As soybean seed ferritin bound iron when expressed in yeast cells, a decision was made to determine whether ferritin conferred resistance to toxic levels of extracellular iron. For this purpose, wild-type and ccc1Δ cells were transformed with plasmids that expressed SFerH1 and SFerH2, and growth on solid medium that contained increasing FeCl3 concentrations was assayed. Spot assays were performed, which consisted of 10-fold dilutions of yeast drops starting at an A600 of 0.1 on plates containing SC−Ura−His medium, to maintain selection for both the SFerH1 and SFerH2 plasmids or for empty vectors. When expressed in wild-type cells, soybean ferritin did not alter growth on iron-containing plates (data not shown). However, ccc1Δ cells that expressed either SFerH1 or SFerH2 grew better at 4 mM FeCl3 than did ccc1Δ cells without ferritin (Fig. 3A). SFerH1 and SFerH2 allowed growth at 5 mM FeCl3, an inhibitory concentration for cells that lacked the Ccc1 detoxifying factor (Fig. 3A). No growth was observed at higher FeCl3 concentrations (data not shown). To further characterize the effect of soybean ferritin on iron resistance of ccc1Δ cells, growth with synthetic liquid medium that contained 5 mM another iron salt, ferrous ammonium sulfate (FAS), in 96-well plates was assayed. Soybean ferritin expression did not alter yeast growth in liquid SC−Ura−His medium (Fig. 3B). It is noteworthy that the expression of SFerH1 and SFerH2, either separately or simultaneously, markedly increased the growth rate when 5 mM FAS was added to the medium (Fig. 3C).

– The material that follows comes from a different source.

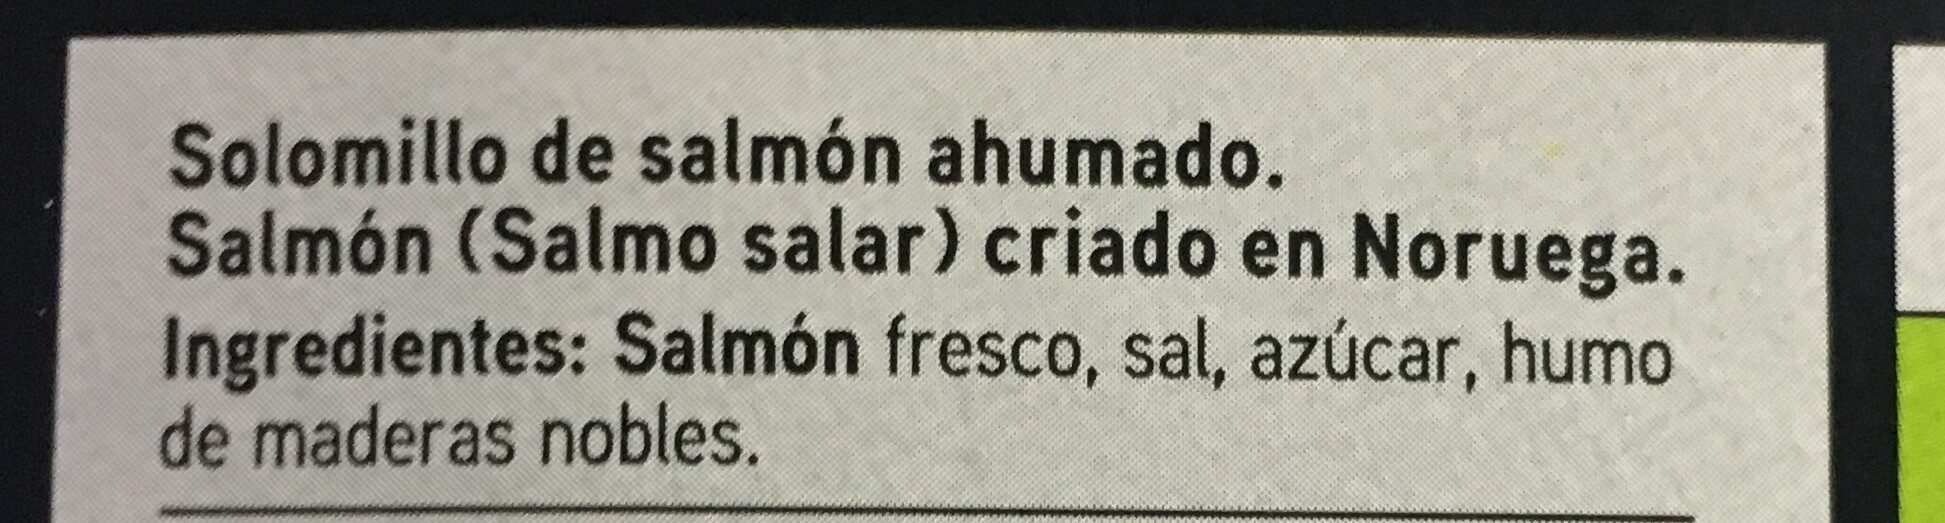 Seleqtia - Solomillo de salmón - Ingredientes
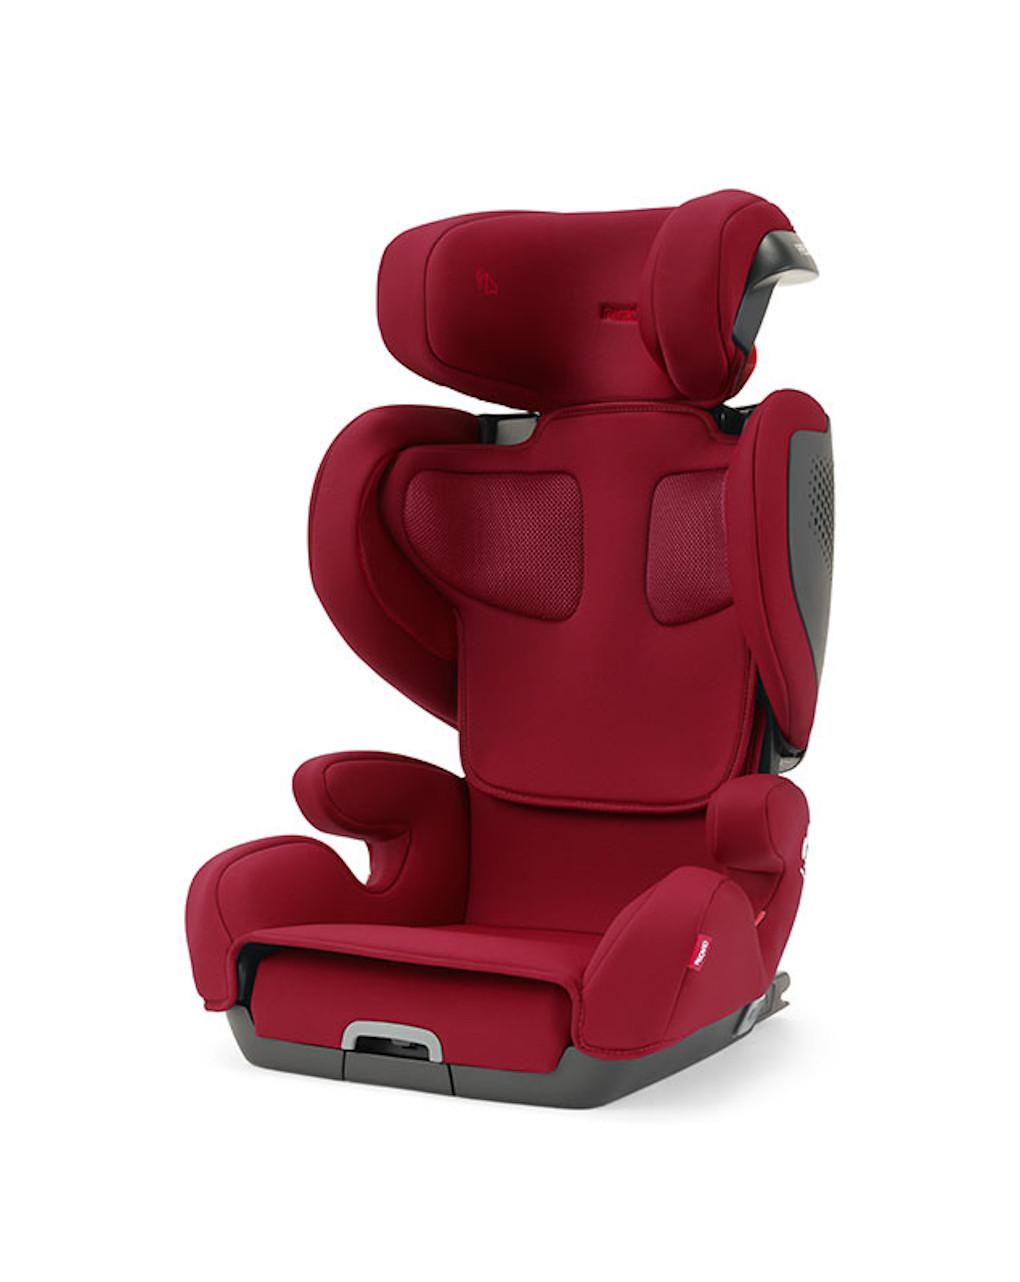 Recaro seggiolino auto mako elite – select garnet red - Recaro

The coexpression of SFerH1 and SFerH2 yielded maximal growth at high iron concentrations (Fig. 3C). Similar conclusions were drawn after calculating the doubling time in the exponential growth phase. Whereas no difference was observed in synthetic medium, the doubling time was longer when cells were grown in 5 mM FAS (Fig. 3D). Yeast cells that lacked ferritin obtained the longest doubling time, whereas yeast cells that coexpressed both phytoferritins showed the most rapid growth in the exponential phase (Fig. 3D). These results indicated that soybean ferritin increased the resistance of ccc1Δ cells to high iron concentrations by probably detoxifying intracellular iron. An additive effect was observed when both the H1 and H2 phytoferritin forms were coexpressed.

FIG 3.

FIG 3

Growth of the ccc1Δ strain that expresses soybean ferritin in medium with high iron concentrations. Yeast ccc1Δ cells were transformed with plasmids that express soybean seed ferritin, as detailed in the legend of Fig. 2. (A) After overnight growth in SC−Ura−His medium, yeast cells were spotted in 1:10 dilutions starting at an A600 of 0.1 onto plates containing SC−Ura−His solid medium with increasing FeCl3 concentrations. Plates were incubated at 30°C for 3 days and then photographed. (B and C) ccc1Δ transformants were grown to the exponential phase in SC−Ura−His medium and then reinoculated in 96-well plates at an A600 of 0.2 in liquid SC−Ura−His medium without (B) or with (C) 5 mM Fe(NH4)2(SO4)2 (FAS). Cells were incubated for 3 days at 28°C, and the A600 was determined every 30 min with a SPECTROstar Nano microplate reader. ccc1Δ yeast cells transformed with p416GPD plus p413GPD are shown in blue, those transformed with p416GPD-SFerH1 plus p413GPD are shown in red, those transformed with p416GPD plus p413GPD-SFerH2 are shown in green, and those transformed with p416GPD-SFerH1 plus p413GPD-SFerH2 are shown in purple. Data from a representative experiment of at least three independent biological replicates are shown. (D) Doubling time in the exponential phase of the growth curves shown in panels B and C. Data and error bars represent averages and standard deviations of data from three independent biological samples.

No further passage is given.